Женщина в окне уже сняла платье и теперь снимала шелковые черные кружевные панталоны. Наконец, она осталась в черной короткой шелковой рубашке, поверх которой был надет эластичный белый пояс с резинками; она стала отстегивать чулки, ставя ногу на край кровати. Щелк – отлетала резинка, открывалась полоска кожи с нежной изнанкой бедер в синеве спрятанных вен. Она поворачивалась, он видел мурашки на бедре. Он помнит, как он чудовищно возбудился. Ночная соблазнительница неторопливо отстегивала резинку за резинкой, очень белая кожа хранила розовые рубцы от пристежек. Потом она стянула чулки, повесила их на спинку стула. Пояс она стянула вниз двумя ладонями с усилием, перешагнула через него и одним движением сняла рубашку через голову. На ней остался только бюстгальтер, черный, с кружевом, прикусивший подмышки, откуда лаково выглядывали черные завитки. Она потянулась, он увидел мордочку черной лисицы внизу, блеск глаз, розовый язык хищницы. Женщина подошла к своему окну, словно позировала, завела руку за спину и отстегнула сзади застежку, лифчик упруго соскочил с нее, освободив грудь. Она отступила на шаг, теперь он видел ее всю до колен, а не только до бедер. Почти черные круги сосков смотрели прямо на него, как глаза. Слепой пупок, черная стежка от него шла, расширяясь, вниз. Она повернулась спиной и отошла в глубину, он видел ее зад, налитой, полный, чуть стекающий вниз к двум полукруглым складкам, между ними темнел хвост той же лисицы. Она нагнулась, поднимая с пола пояс… Раковина розово сверкнула.
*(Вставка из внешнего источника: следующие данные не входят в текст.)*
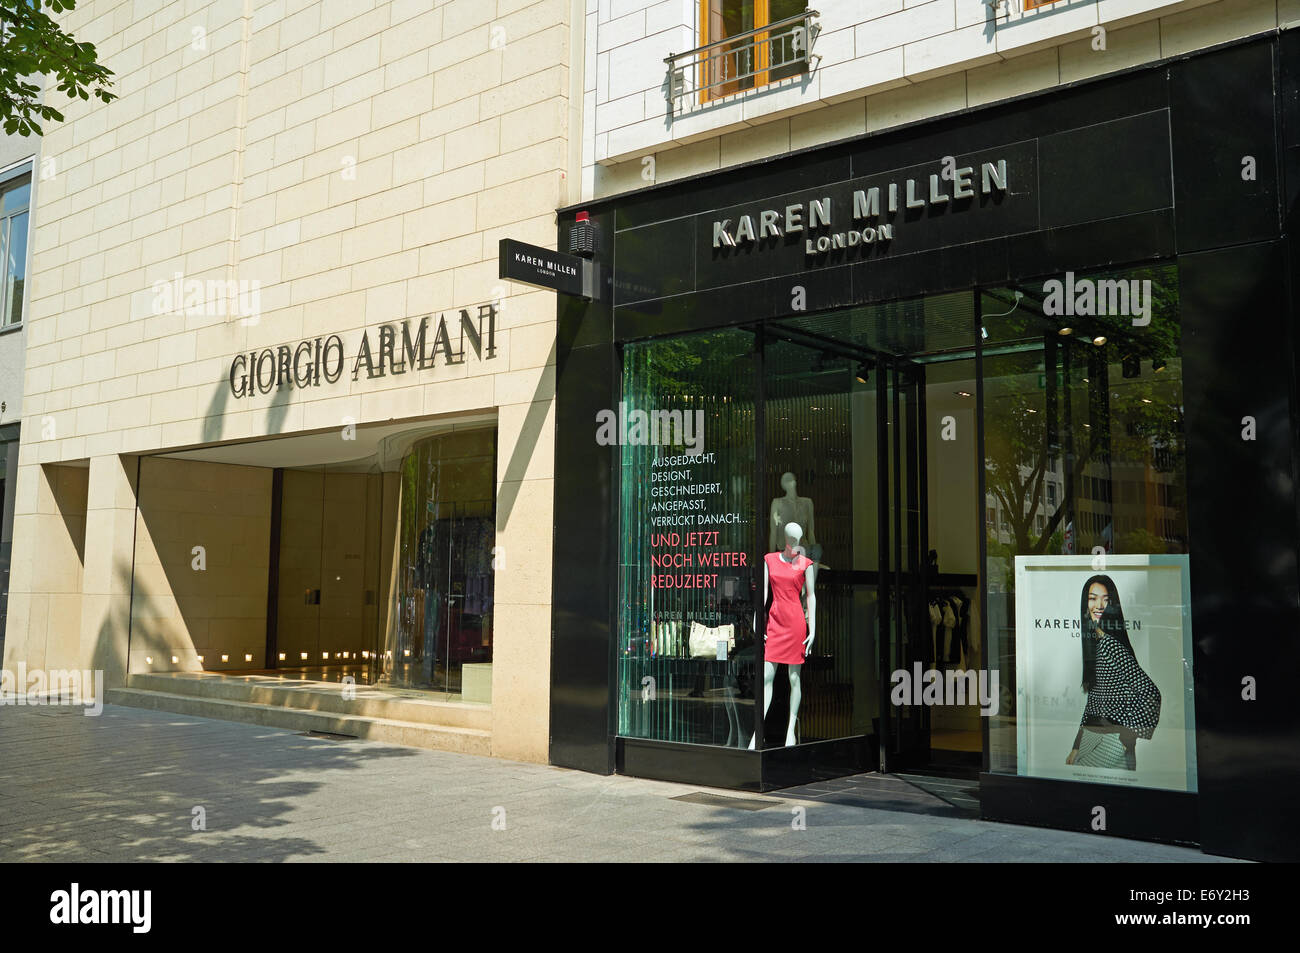 Karen Millen negozio di abbigliamento, Konigsallee, Dusseldorf, Germania. Foto Stock

Возбуждение достигло апогея: будь он ближе, он бы ворвался в комнату и… И неизвестно, что. Он едва не вываливался, словно хотел дотянуться.
"Бред! Я с ума схожу! Откуда это желание обладать незнакомым телом? Всею ею, возможно, дурой, психопаткой, злой, заносчивой или порочной? Почему эта голая неизвестность победила все остальные чувства? Какой в этом смысл? Что это за знак? Как расшифровать его?"
Женщина надела ночную рубашку, и соблазн исчез. Он закрыл окно, быстро прошел в ванную, встал под душ. Он дрожал с головы до ног.
Эта ночная химера все перечеркнула! То, что было важным, стало тусклым и никчемным.
Только много позже он понял, что ему предстоит пережить и кчему привыкнуть. Решать, как с этим жить. Выплыло и взяло за горло.
"Я хочу того, к чему никогда не приближусь. А близкого не хочу. И никогда не буду хотеть! Но принужден им одним и владеть".
"Почему так? Раньше недостижимым был идеал. Неплотский. Неужели плоть, "мерзкая плоть" хочет стать идеалом?"
"Моя любовь, моя женщина – пусть Надежда, мой идеал – всегда в глубине означала для меня мою "малую Родину", сжавшуюся до Погорельского переулка, мою Москву, но уже не всю, только родную… А что же Родина-мать? Странно, но в этом сочетании слышится что-то для меня враждебное и одновременно неизменное, постыдное в своем родстве…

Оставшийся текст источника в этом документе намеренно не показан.